── Information shown

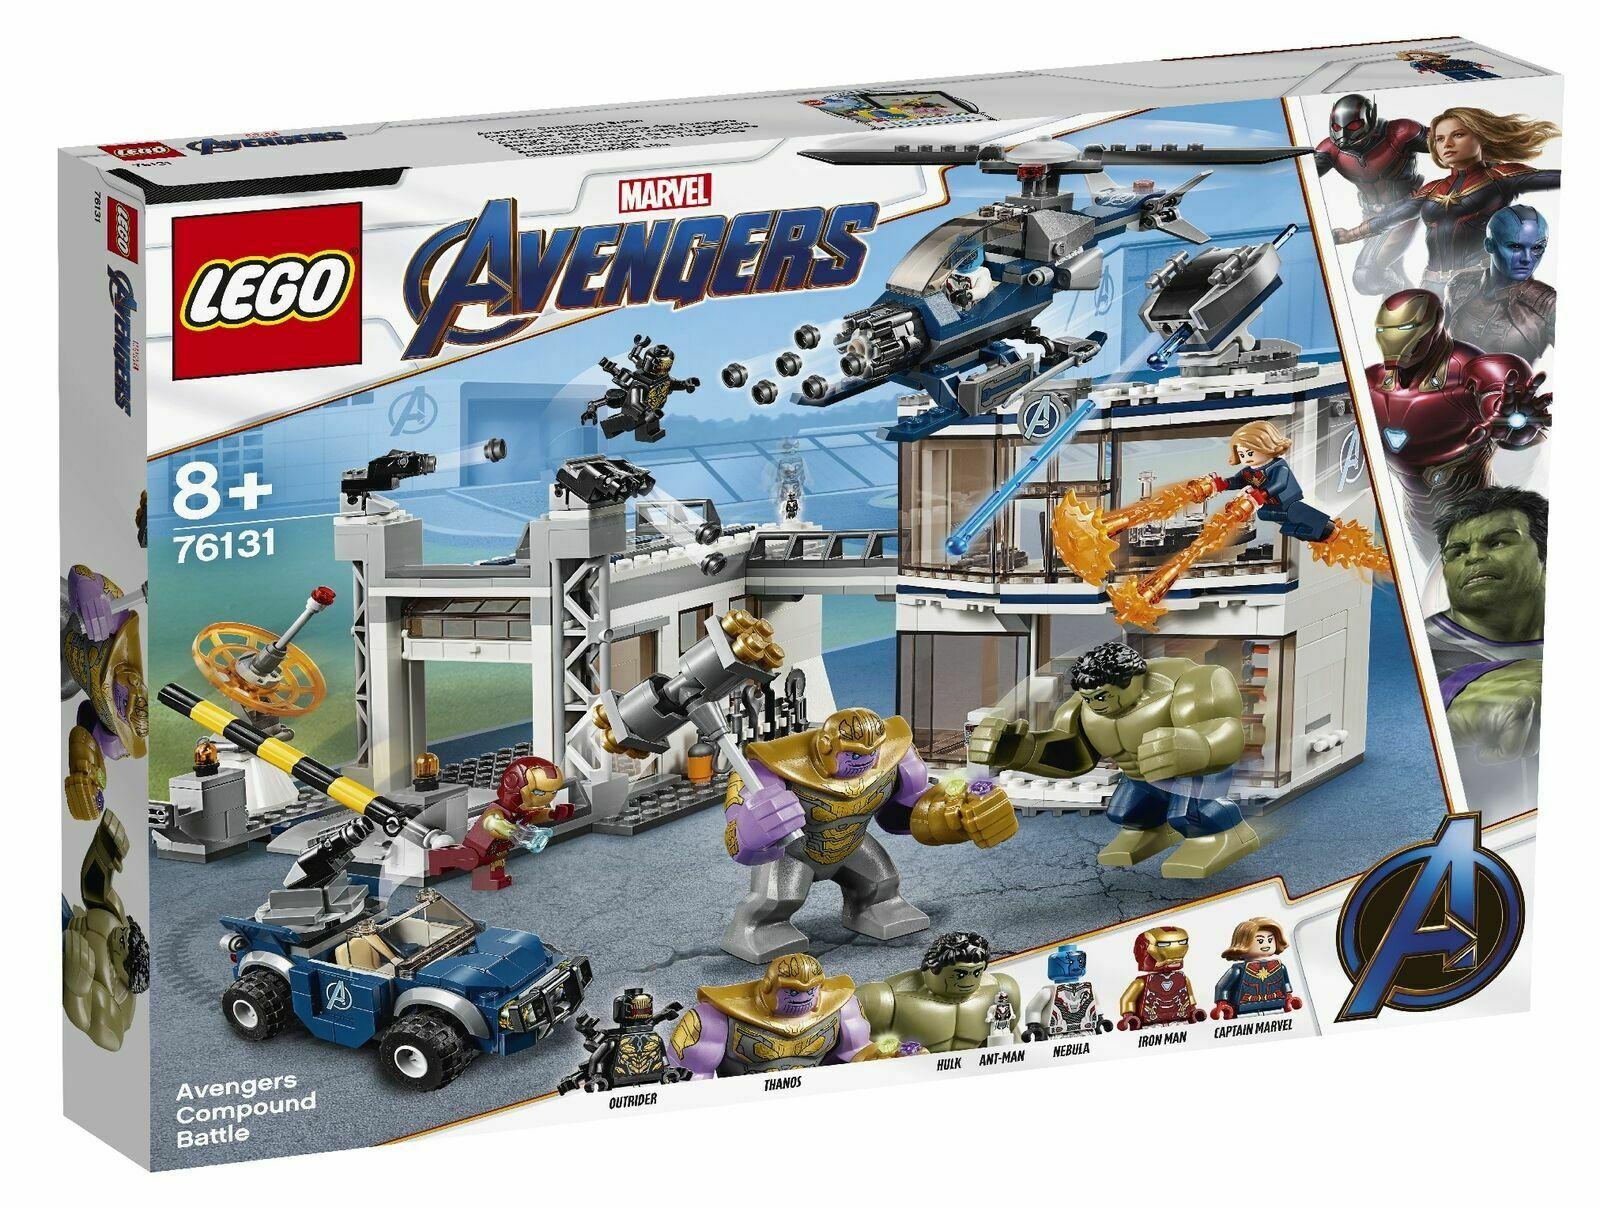 LEGO 76131 Avengers Compound Battle Superhero Playset - £58.50 instore @ Tesco Farnworth
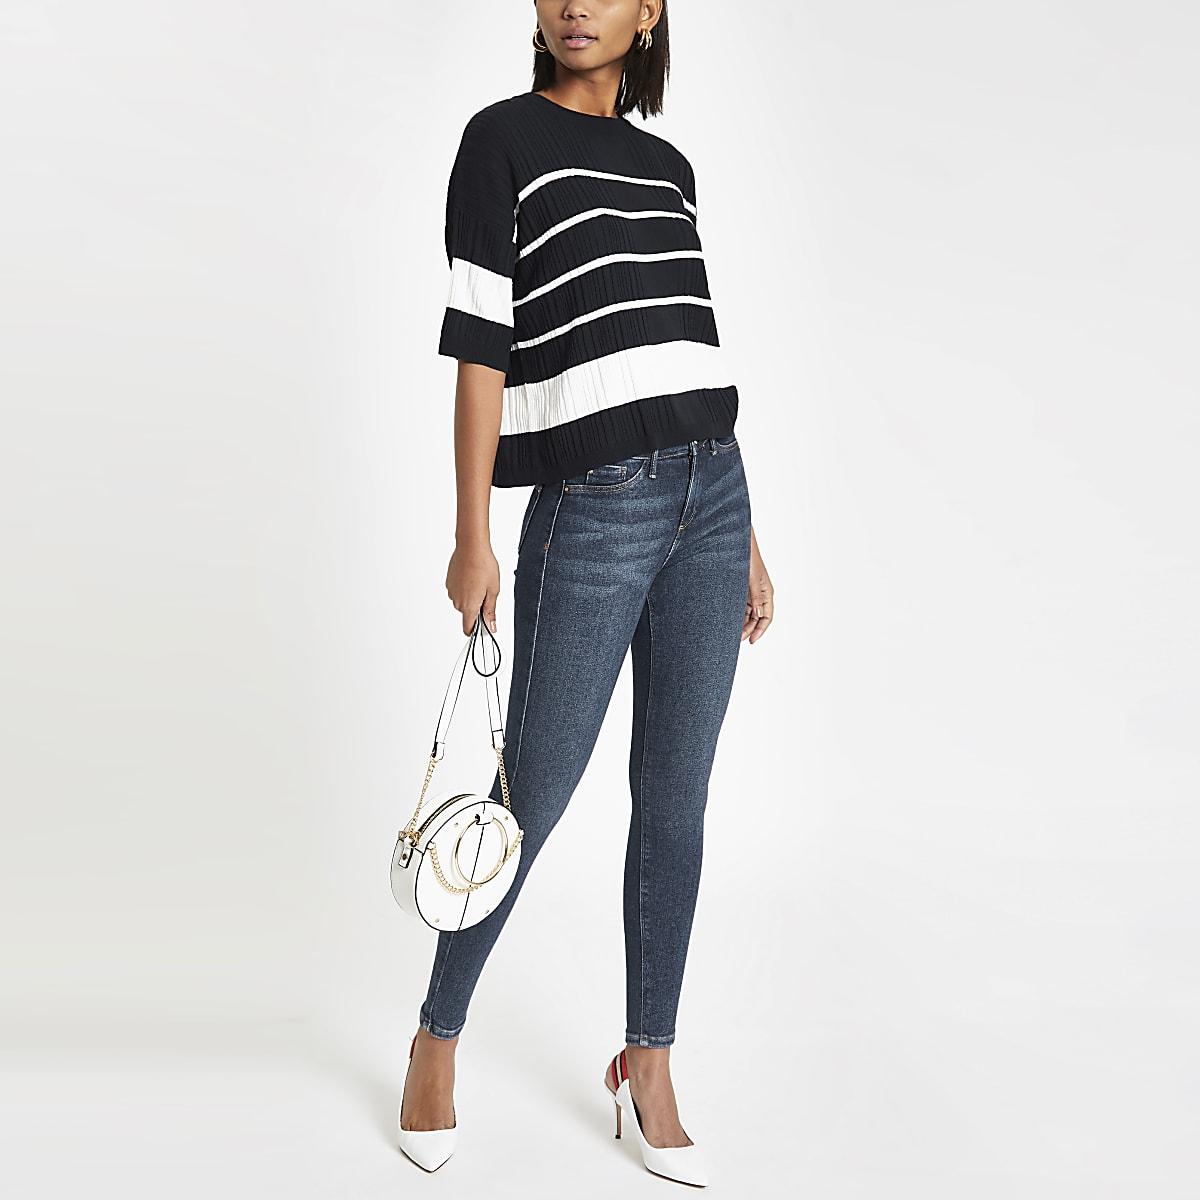 Navy oversized stripe top
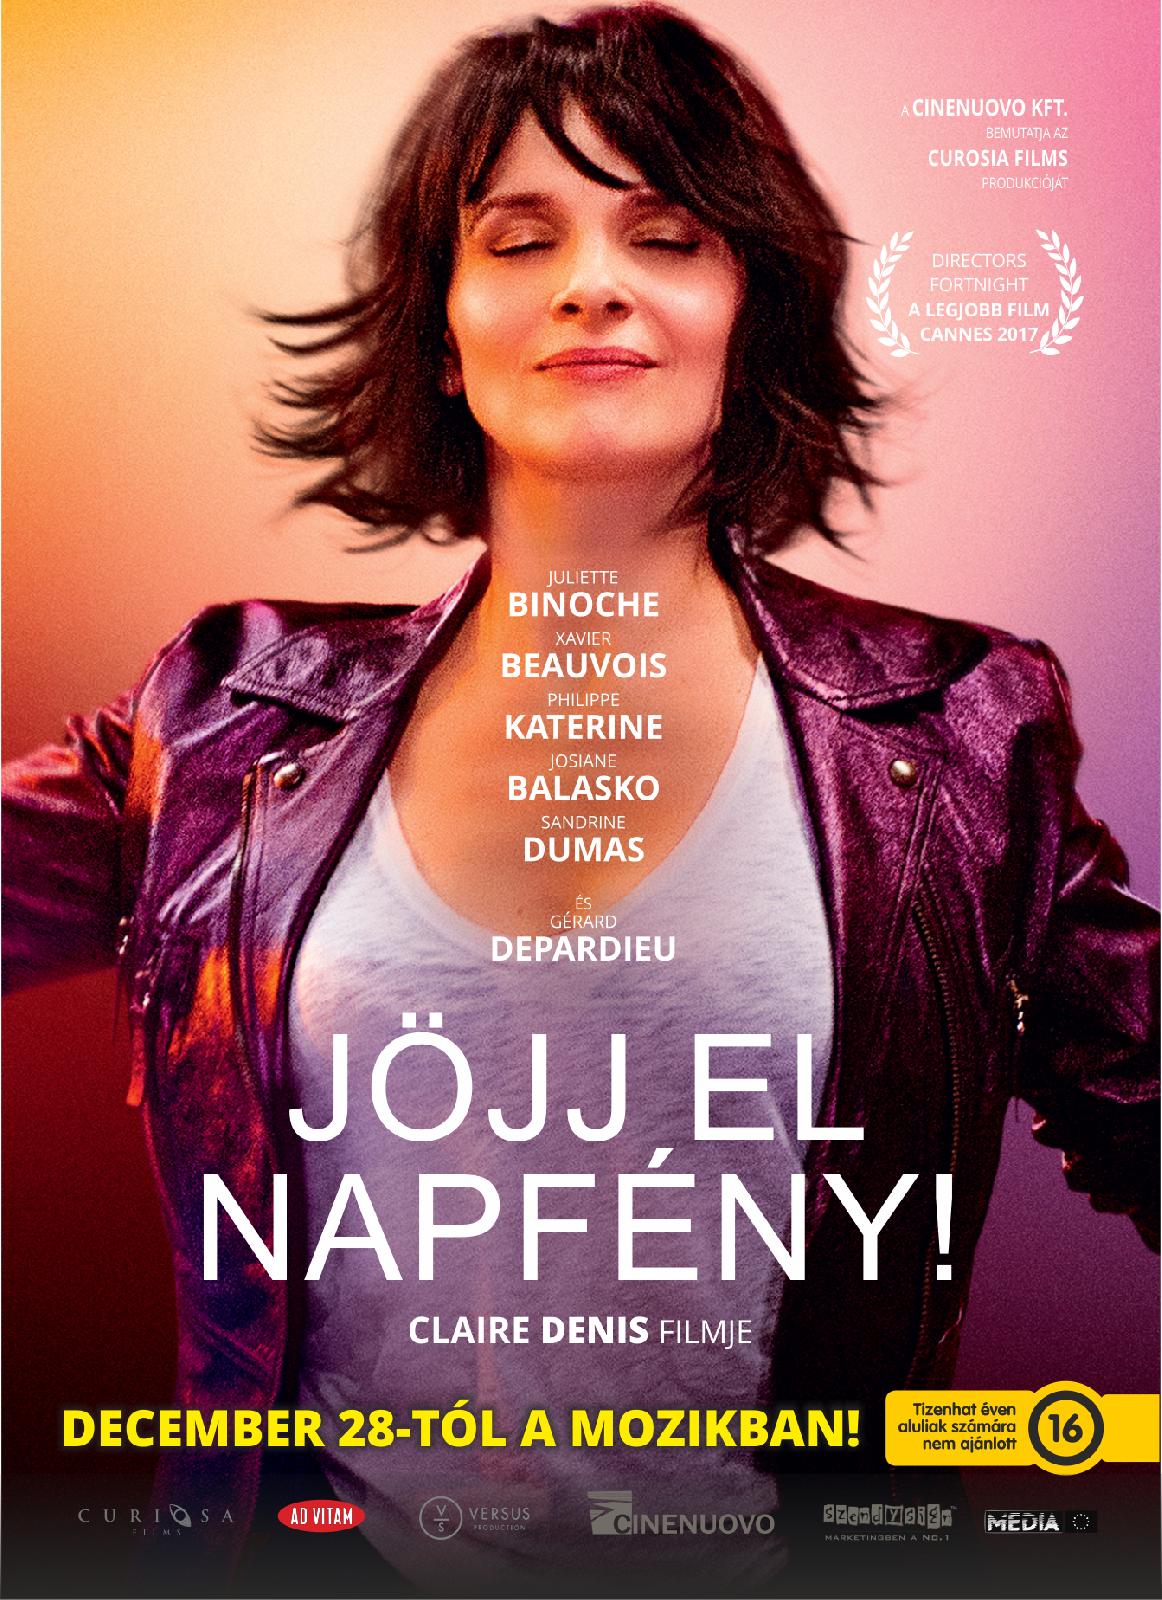 Jojj El Napfeny Un Beau Soleil Interieur 2017 Mafab Hu

────

▶ [The task] With pictures left out, transcribe each line from the one containing "Navy oversized stripe top" through the end of the data, both ends included.

▶ [Solved exercise]
 Navy oversized stripe top
 Jojj El Napfeny Un Beau Soleil Interieur 2017 Mafab Hu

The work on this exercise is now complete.